While Indigenous Peoples only represent 5.9 per cent of B.C.'s population, they make up 35 per cent of individuals in provincial custody. And since people who pose a threat to public safety could already be denied bail, Perrin questions how the new measure will keep British Columbians safer.

New bail directive seeks to address repeat offenders in B.C.

The Canadian Charter of Rights and Freedoms states that all people are innocent until proven guilty — and that they have the right not to be denied reasonable bail without just cause.

But BC Prosecution Service spokesperson Dan McLaughlin told V.I.A. that the number of accused persons denied bail and held in custody before trial has "dramatically increased rather than decreased" since the charter was enacted.

"That increase disproportionately affects disadvantaged and vulnerable communities," he added, noting that pre-trial detention also tends to increase the chance of recidivism.

"It also tends to aggravate the over-representation of Indigenous persons in the Canadian criminal justice system, an indisputable feature of which is systemic discrimination against Indigenous people," said McLaughlin, who remarked that it is too early to say whether the new bail directive "will further aggravate these regrettable features of the criminal justice system."

The province retained two experts to conduct the report into repeat offending and random stranger violence in B.C.: retired police chief and independent criminal justice sector consultant Doug Lepard and criminology researcher Dr.
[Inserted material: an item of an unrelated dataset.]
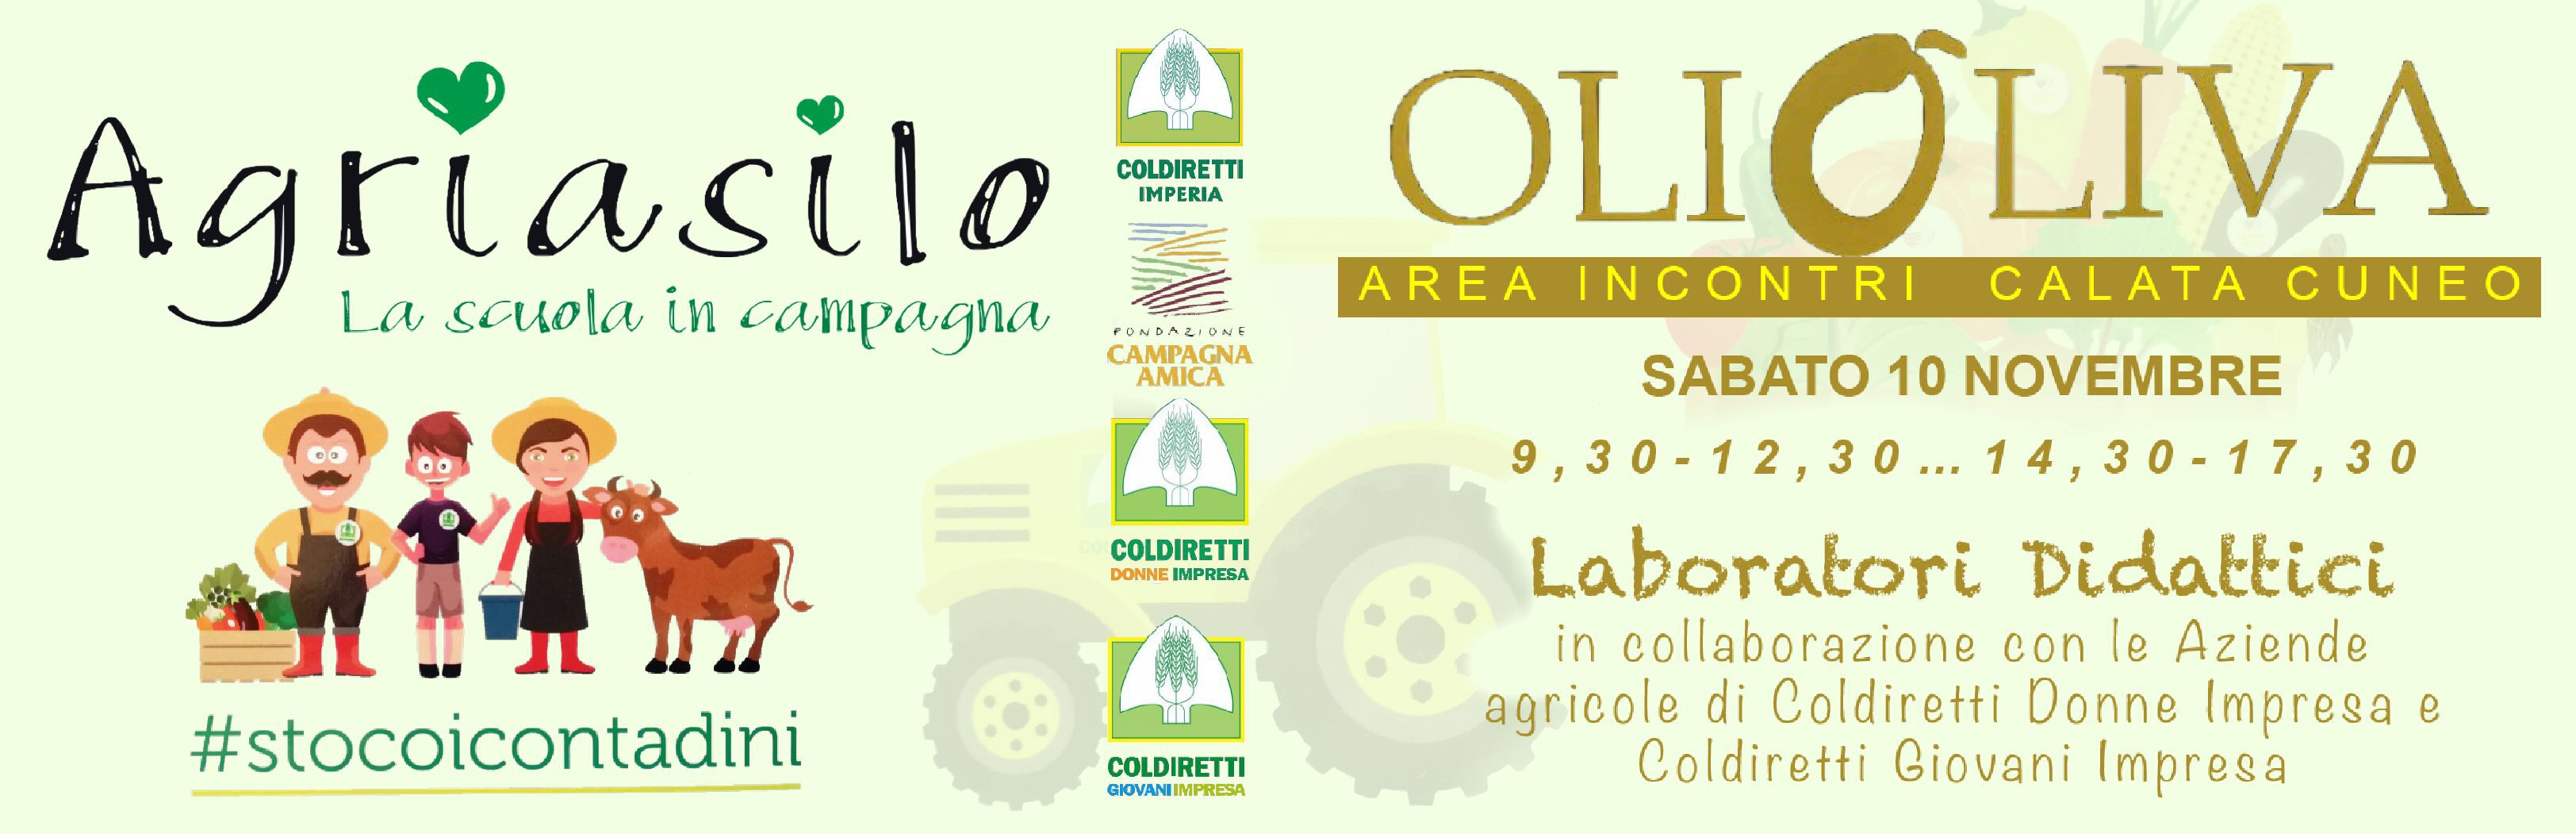 OliOliva – Area Incontri Calata Cuneo

Amanda Butler, who holds a PhD from Simon Fraser University (SFU).

The report underscores that the COVID-19 pandemic exacerbated mental health issues, including loneliness, substance use, suicide, disruptions in care, and financial difficulties, and "disproportionately impacted" marginalized groups.
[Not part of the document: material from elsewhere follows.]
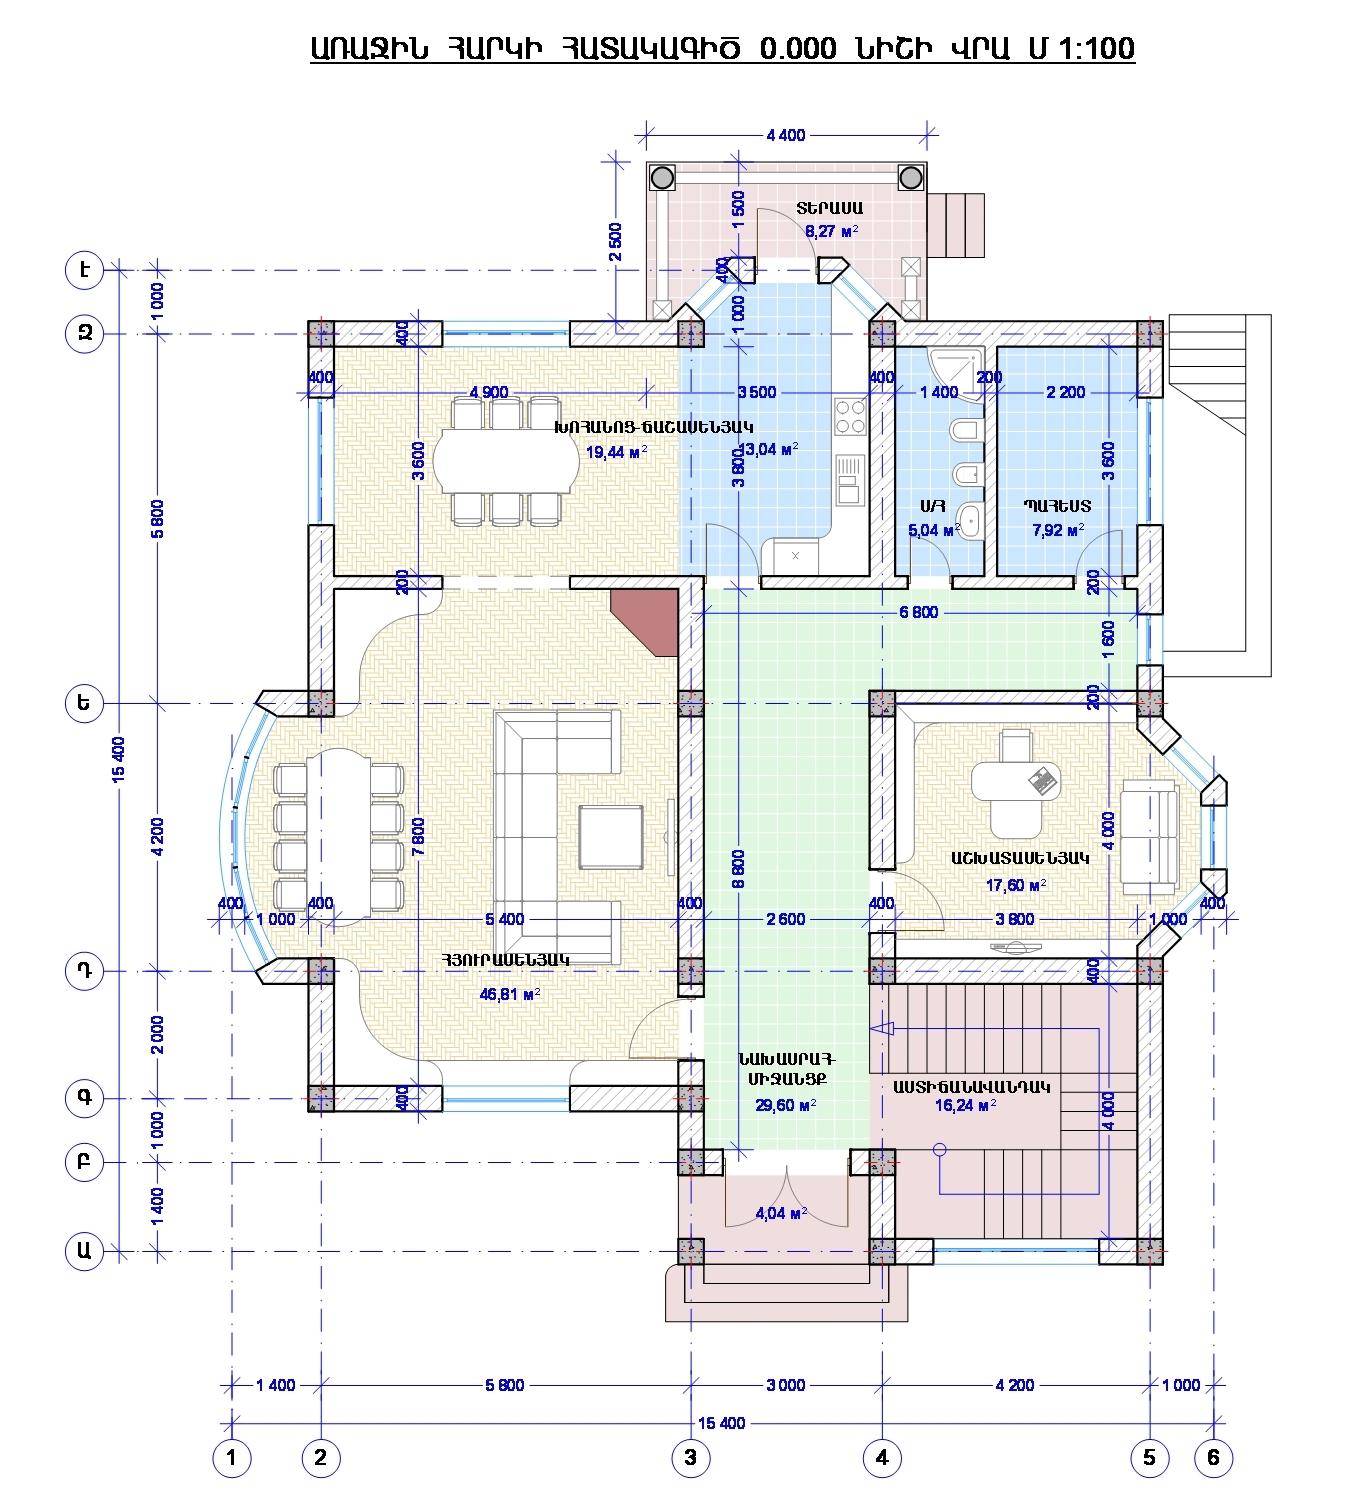 Проект двухэтажного дома с сауной, беседкой, зона барбекю и бассейном - план 1го этажа

When people are released from jail after being incarcerated, there is a lack of resources available for them. Instead, they return to "precarious housing, shelters or homelessness, and back to communities where they are at high risk of returning to crime."

In light of these systemic issues, the report's authors call for improvements to the system of care of people in the criminal justice system, particularly for Indigenous peoples, people with mental health challenges, and people with substance-use disorders.
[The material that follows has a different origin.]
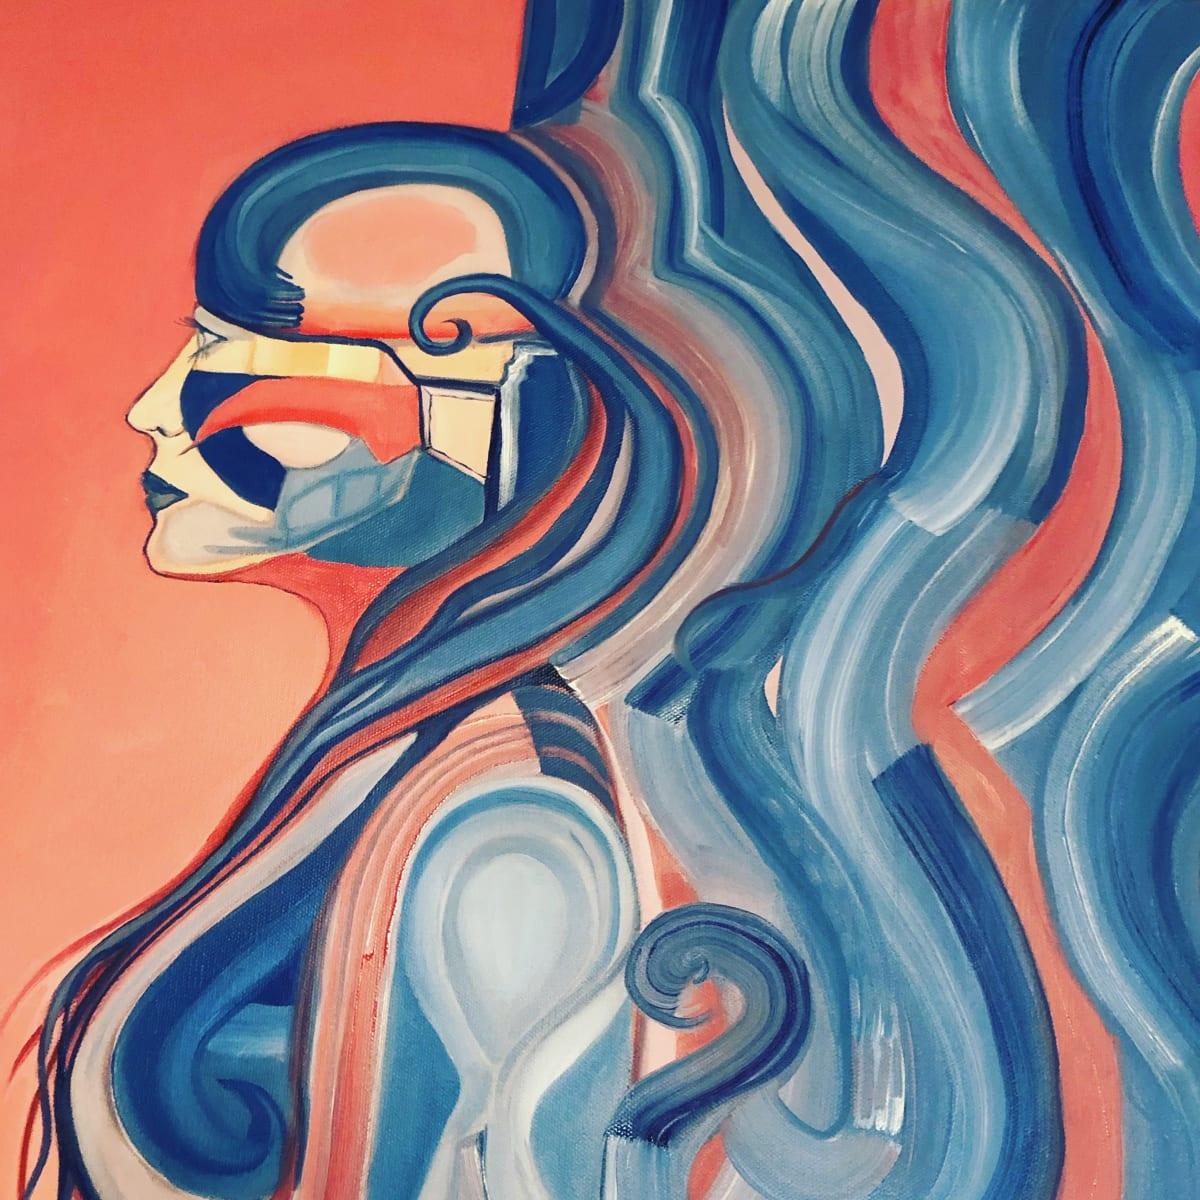 Robo Girl by Judith Estrada Garcia

How bail conditions disproportionately affect Indigenous offenders in B.C.

The report also highlights that there was a "decrease in charges for substantive offenses and for breaching bail conditions," which left "police and probation officers frustrated that the only tools they have to manage people who offend in the community have been virtually eliminated."

But Perrin adds that this renewed interest in the breach of bail conditions also disproportionately affects Indigenous offenders.

Examples of breaching conditions include missing a curfew -- returning to a halfway house later than the expected time -- or failing a drug test. For people struggling with substance abuse disorders, however, this can be extremely challenging.

"It perpetuates the systemic racism that has been identified," he added.

In a press conference, Eby noted that the issues facing the Downtown Eastside are "complex and long-standing" and will require an "all-hands-on-deck" approach, referring to the mix of various social services required to tackle them.

"Police can not solve the issues on the Downtown Eastside alone," he remarked.

Minister of Public Safety and Solicitor General Mike Farnworth, who spoke at the same press conference, underscored this sentiment, adding that people who call "911 need to get the response they deserve," whether that involves mental health or police response.

"Being compassionate, concerned, and taking action on mental-health and addiction issues does not mean that we have to accept repeated criminal behaviour or violence," said Eby.

"Everyone deserves to feel safe in their community."

The province intends to deploy response teams comprised of police, prosecutors, and probation officers who will focus on repeat offenders. It will also be adding 12 mental health response teams in communities across the province, some of which will be Indigenous-led.